NEW YORK (Reuters Health) - Veterans who have had a stroke have a high risk of suffering a fracture over the next few years, according to a study in the Journal of the American Geriatric Society.
Dr. Heather E. Whitson, of Duke University Medical Center, Durham, North Carolina, and colleagues examined the fracture rate among stroke patients in the Veterans Affairs hospital system. The team looked at data on 1073 veterans in the VA Acute Stroke (VASt) cohort and 6578 veterans in the Integrated Stroke Outcomes Database (ISOD).
A total of 51 patients in the VASt cohort and 244 in the ISOD cohort had at least one fracture within 2 years of stroke onset. The researchers calculate that the annual fracture rate in these two VA cohorts was two to three times higher than seen in some studies of men without stroke.
The highest risk of fracture was found in VA stroke patients with moderate, rather than mild or severe, functional impairment.
"At first pass, it is surprising to find that patients with moderate functional impairment were actually at higher risk of fracture than severely impaired patients." Whitson said in an interview with Reuters Health.

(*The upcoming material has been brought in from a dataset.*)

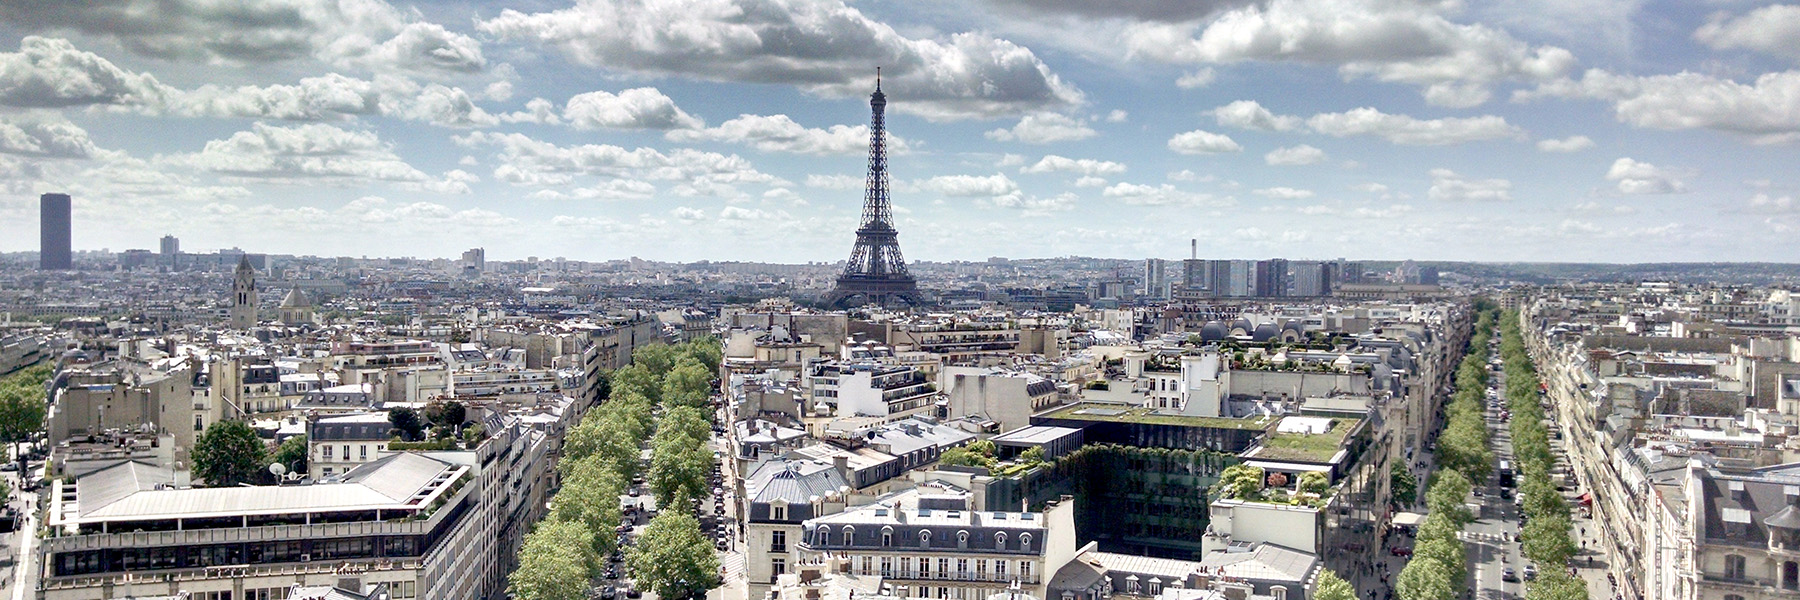 Aerial image of Paris, France.
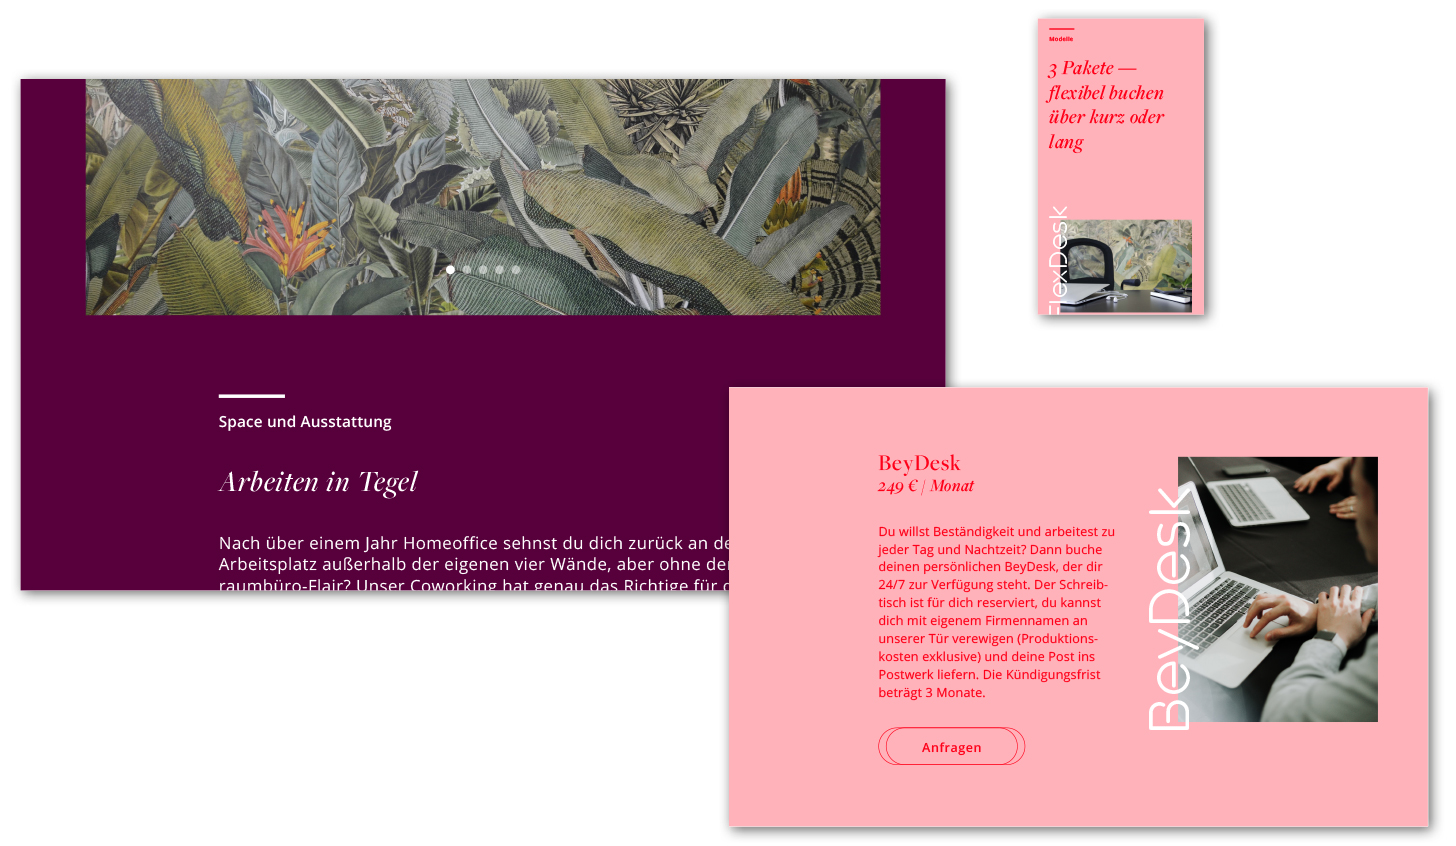 beydes-susannihlenfeld-website-design-coworking-4

"This may occur because stroke patients with severe impairments are less ambulatory and therefore less likely to fall and fracture," she suggested. "The increased independence and mobility of moderately impaired patients may render them more vulnerable to future injury."
Whitson noted that "since many fractures are preventable, (we) hope this research will lead to strategies that successfully lower the fracture risk in stroke patients."
"The accumulation of disease and morbidities is a well-recognized problem in older patients, and it can lead to bad outcomes like disability and frailty," the investigator said. "As the population ages, it is important to learn more about how one ailment can lead to a second ailment, so that a dangerous accumulation of diseases can be avoided."
SOURCE: Journal of the American Geriatric Society, July 2006.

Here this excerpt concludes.